__Work task__:
Down to the final line, write out the material beneath exactly, without pictures.

__Information supplied__:
□ □ □ □

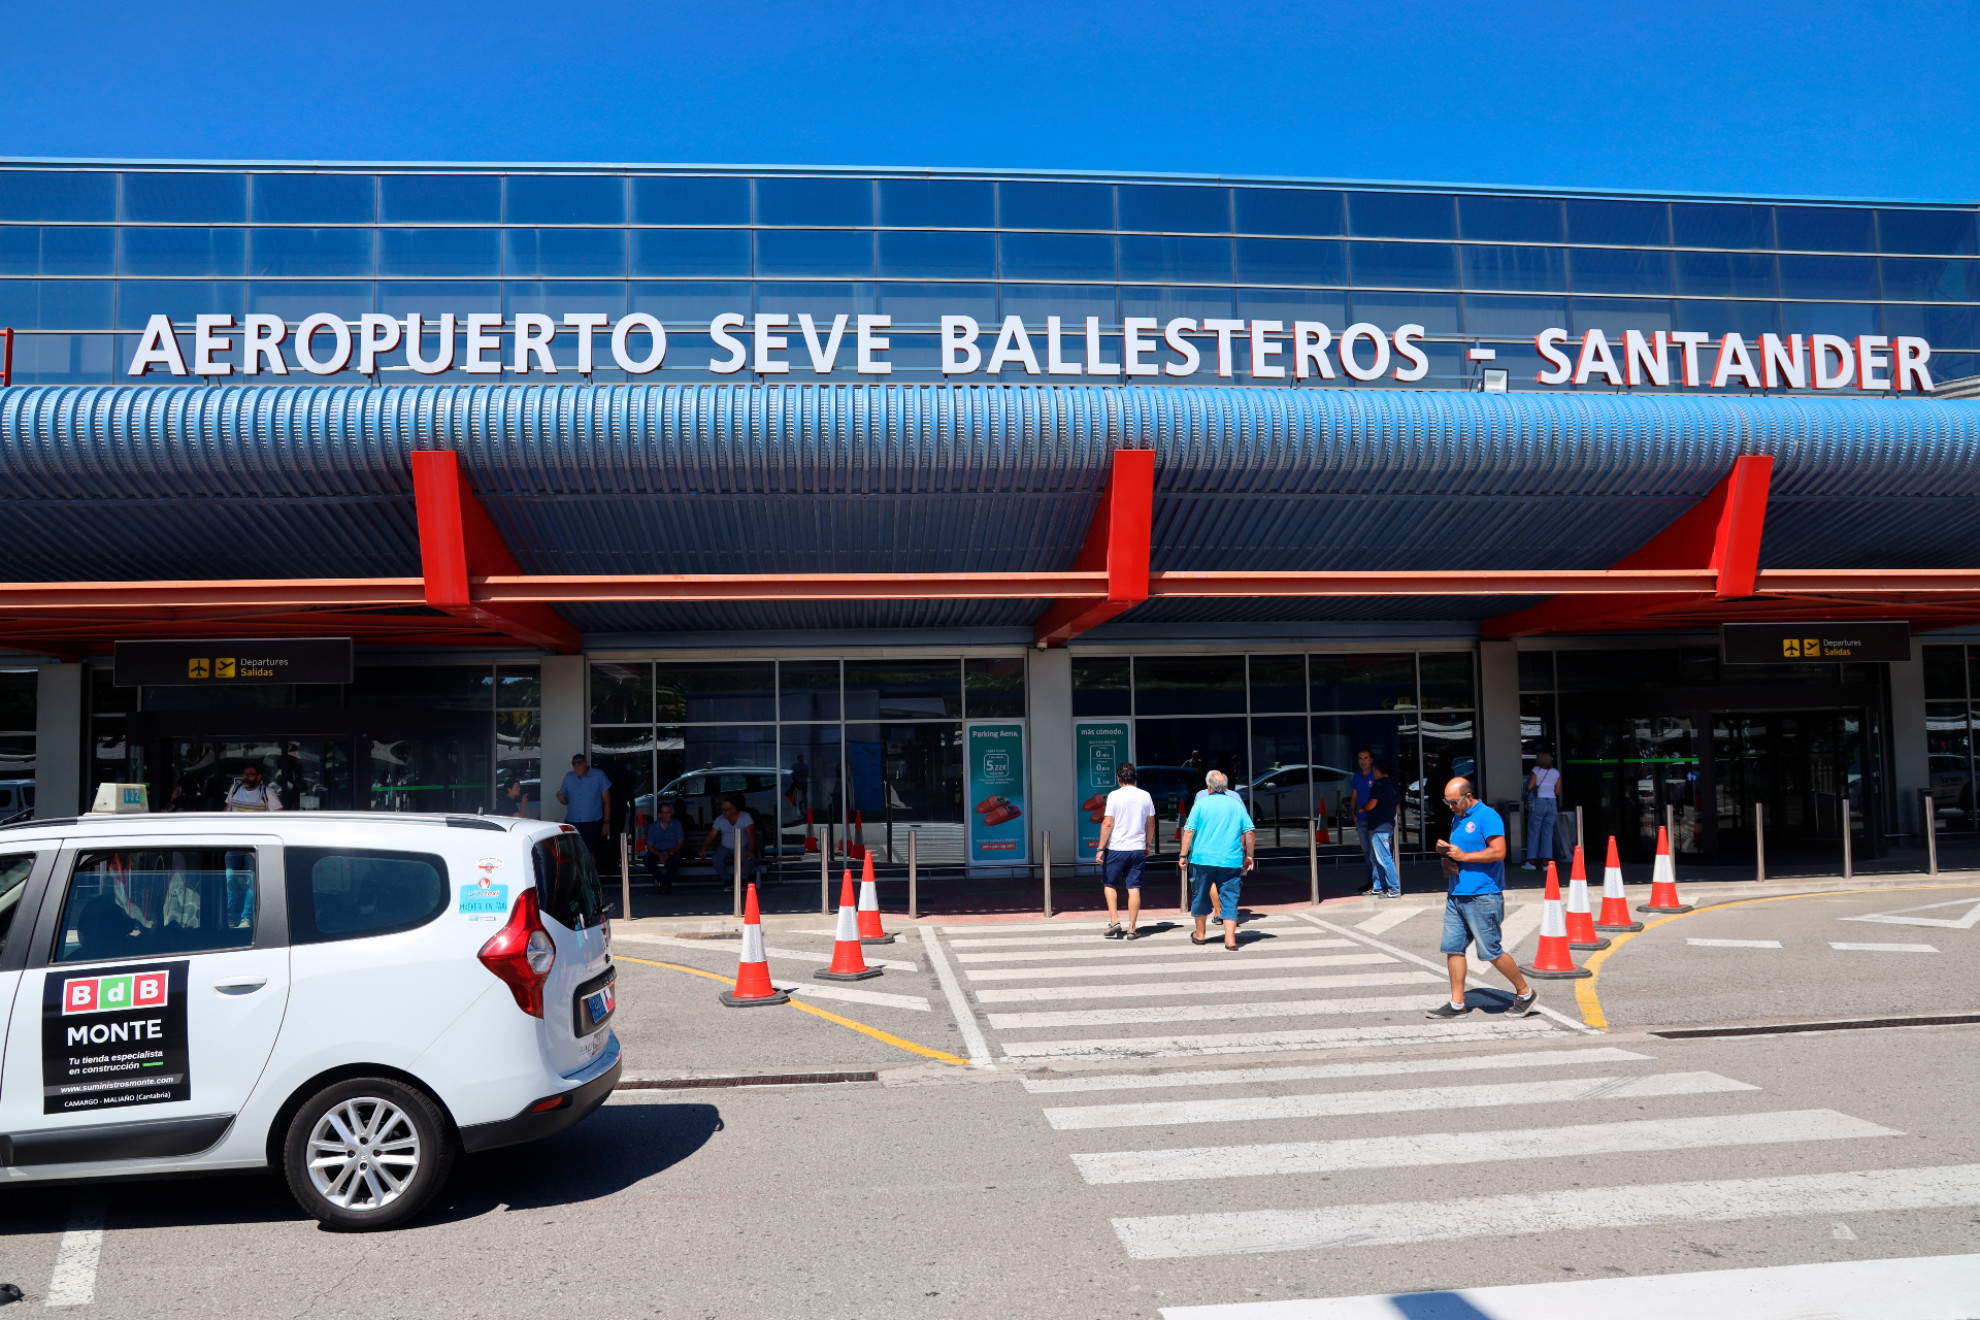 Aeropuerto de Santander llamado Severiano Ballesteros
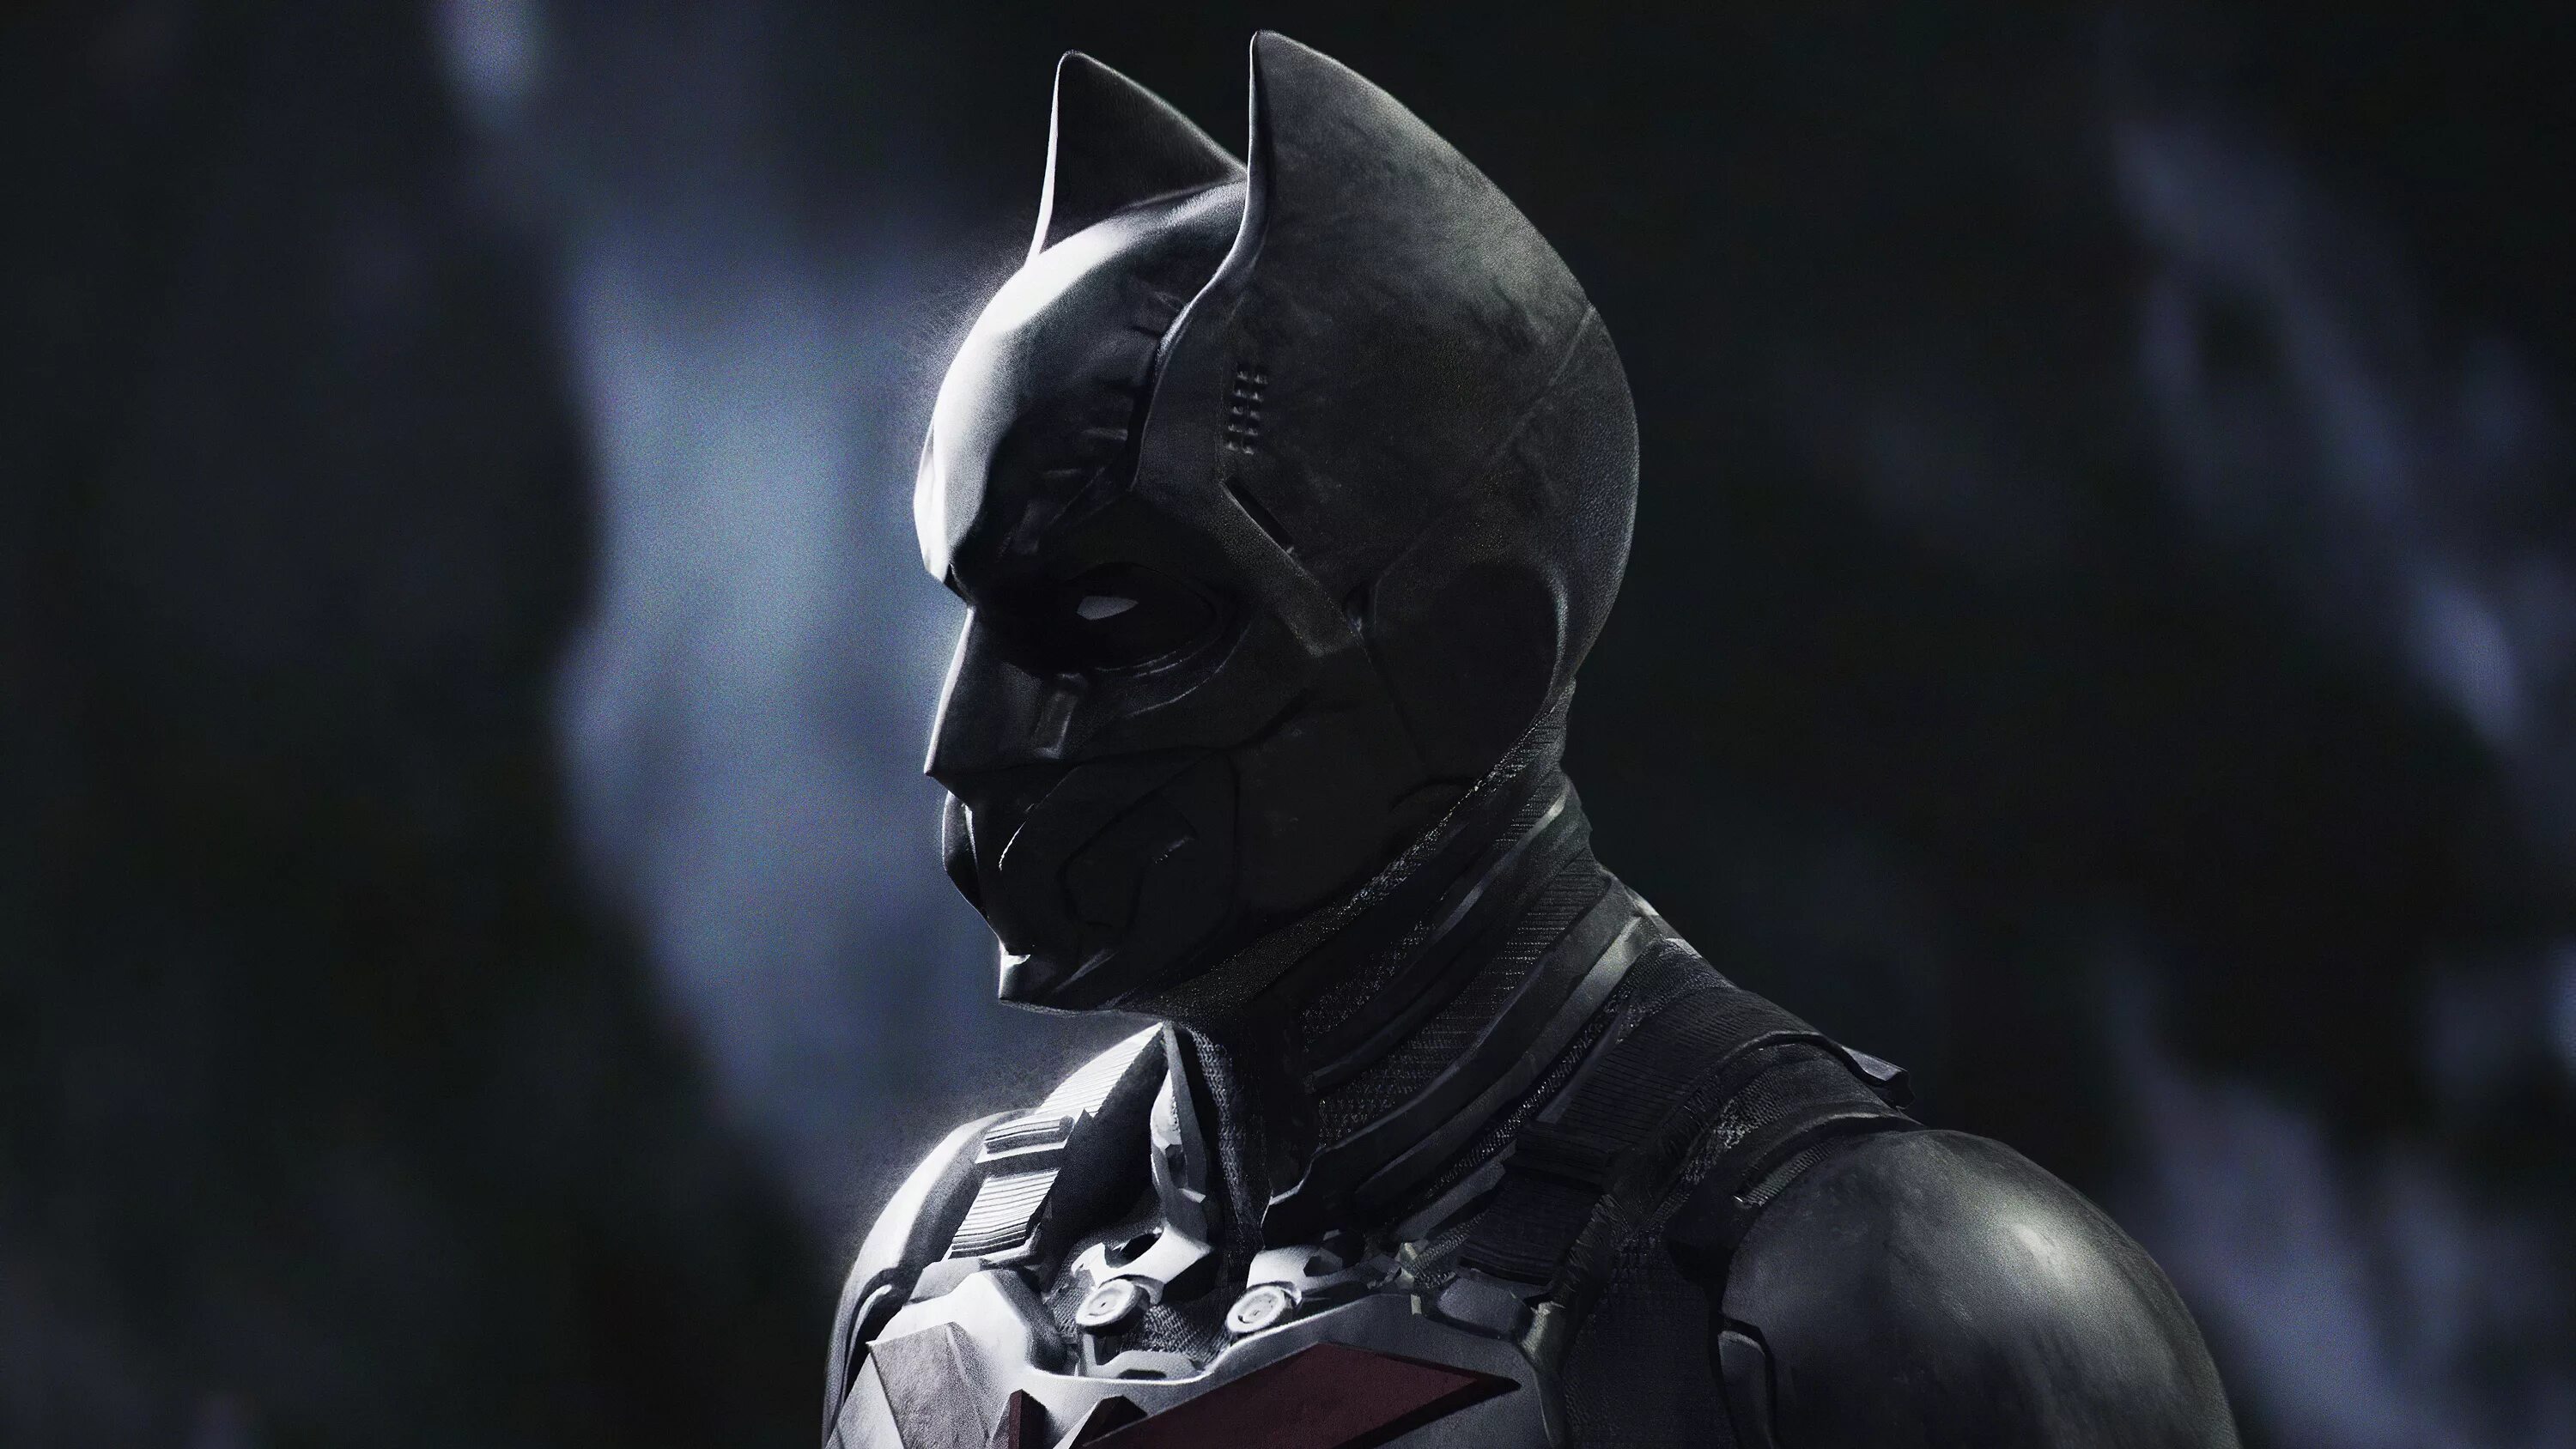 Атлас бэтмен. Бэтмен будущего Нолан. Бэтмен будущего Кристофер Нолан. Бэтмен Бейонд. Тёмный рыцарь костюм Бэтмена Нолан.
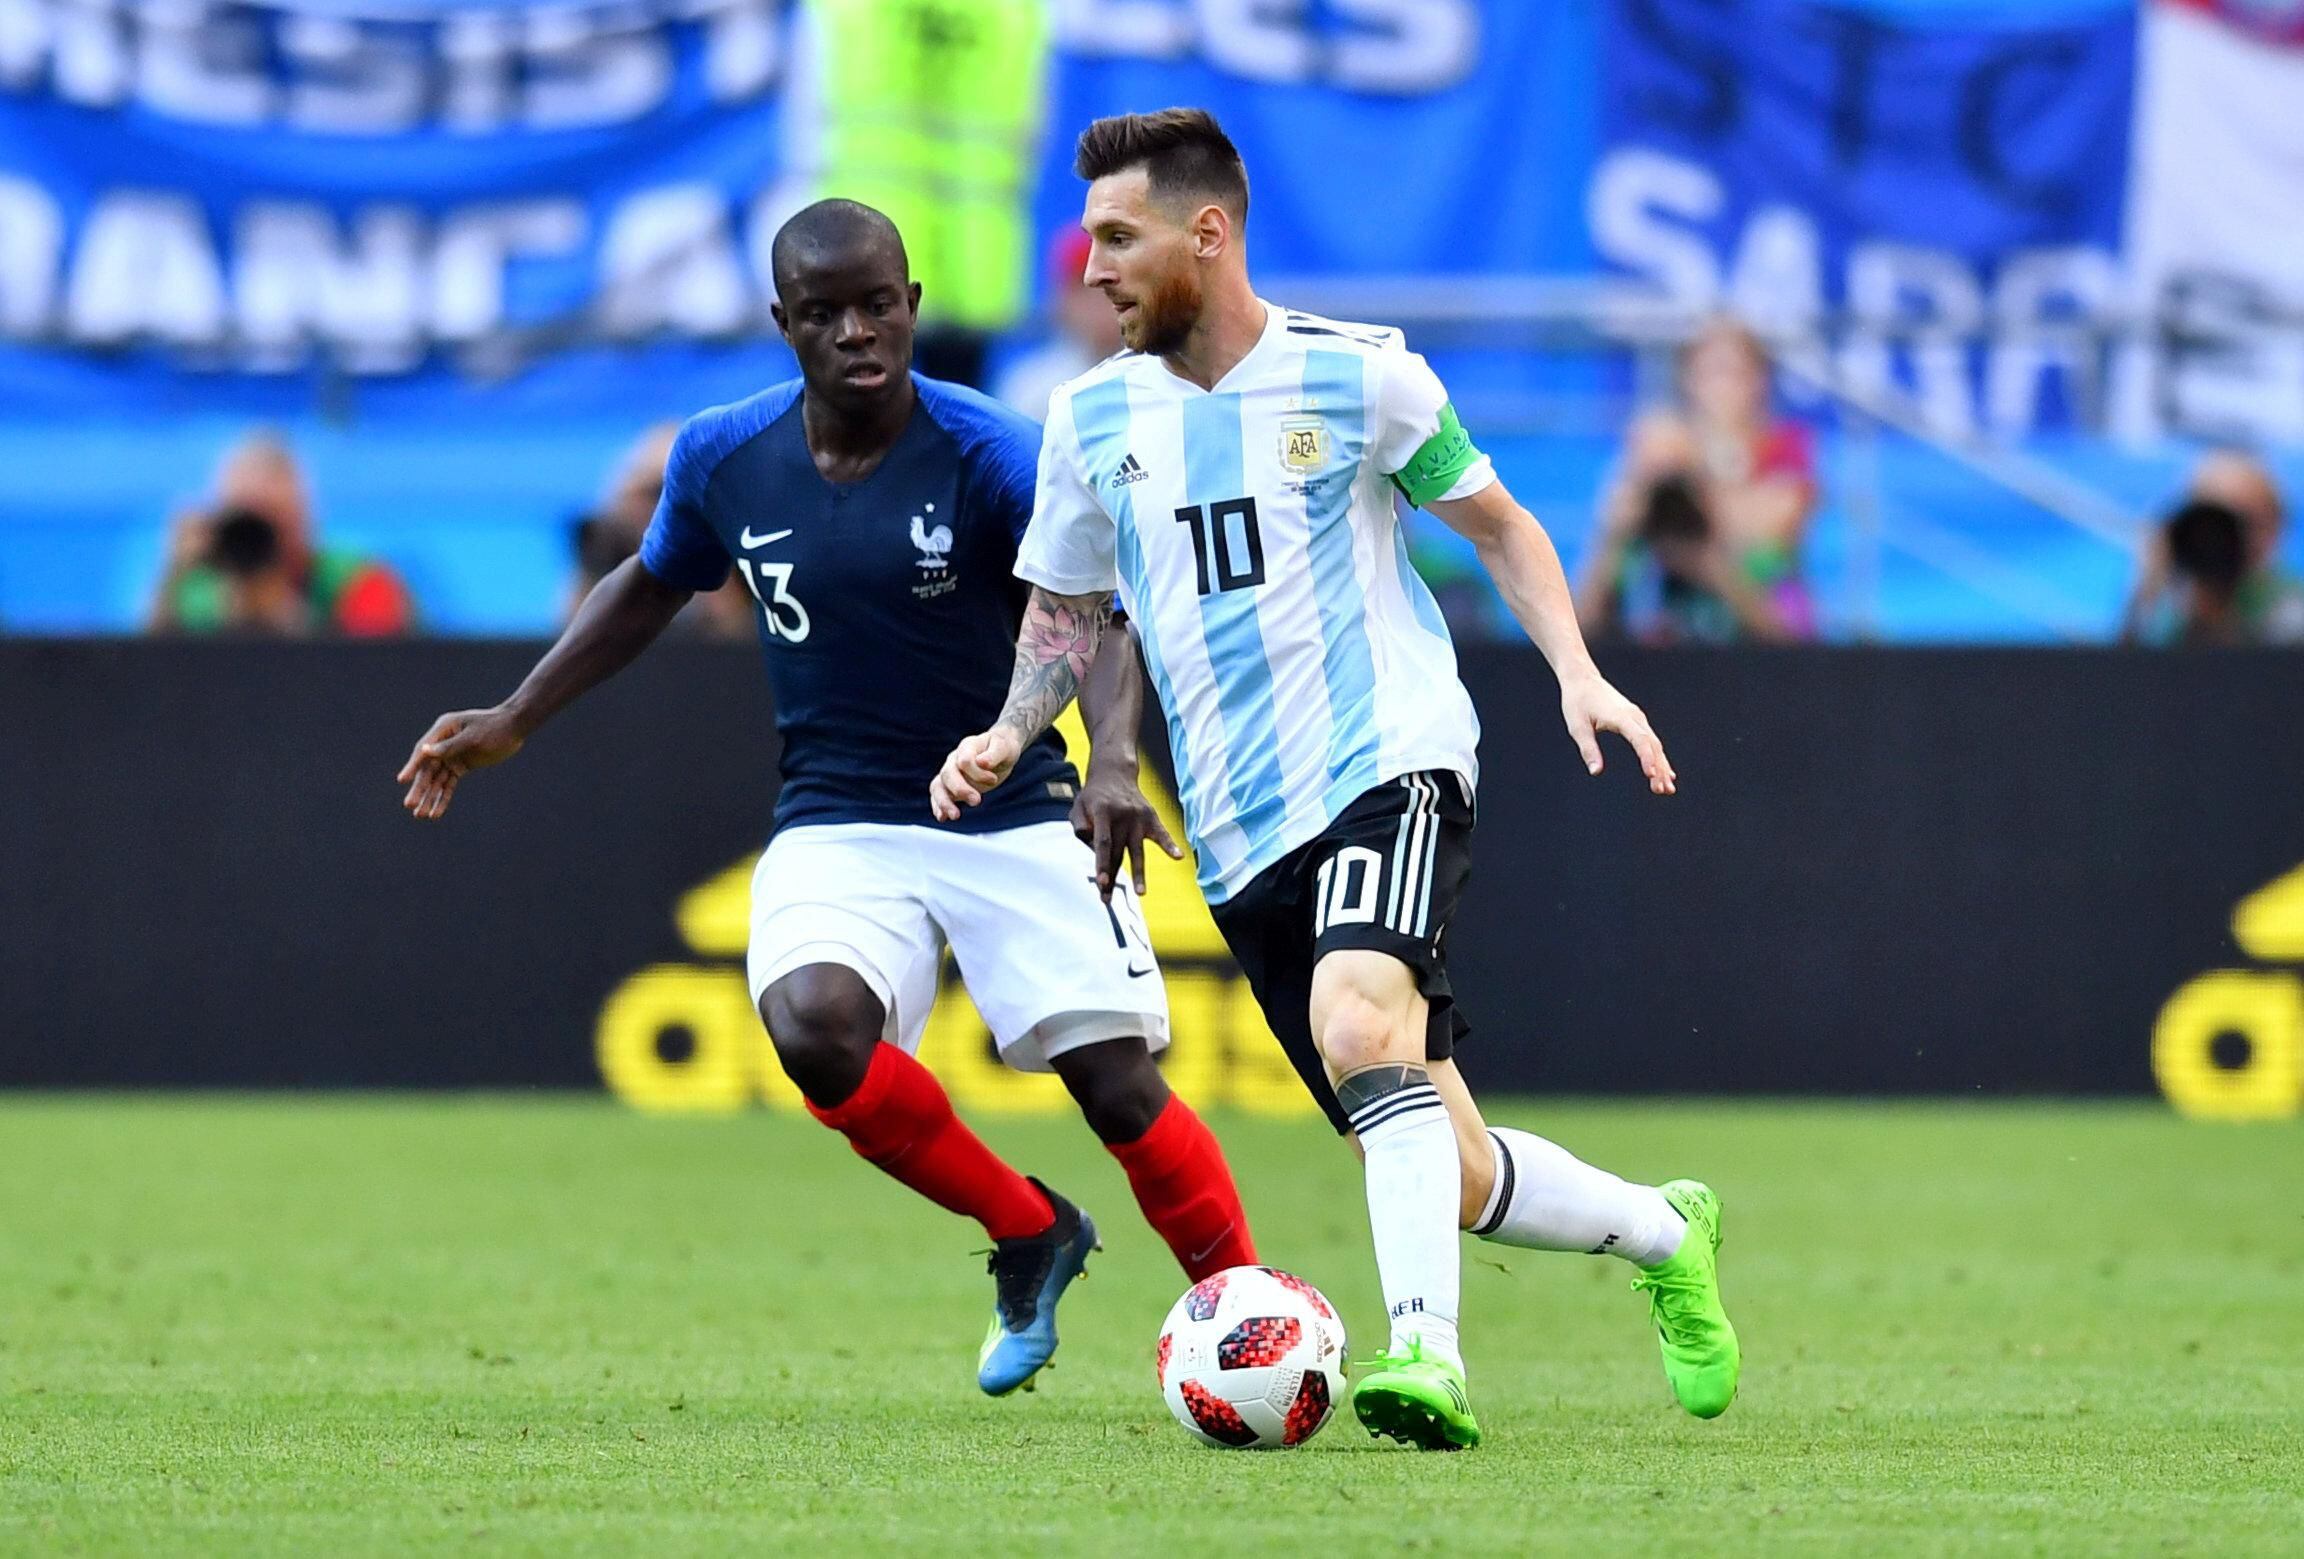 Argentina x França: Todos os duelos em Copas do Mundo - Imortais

□ □ □ □

__Expected answer__:
 Aeropuerto de Santander llamado Severiano Ballesteros
 Атлас бэтмен. Бэтмен будущего Нолан. Бэтмен будущего Кристофер Нолан. Бэтмен Бейонд. Тёмный рыцарь костюм Бэтмена Нолан.
 Argentina x França: Todos os duelos em Copas do Mundo - Imortais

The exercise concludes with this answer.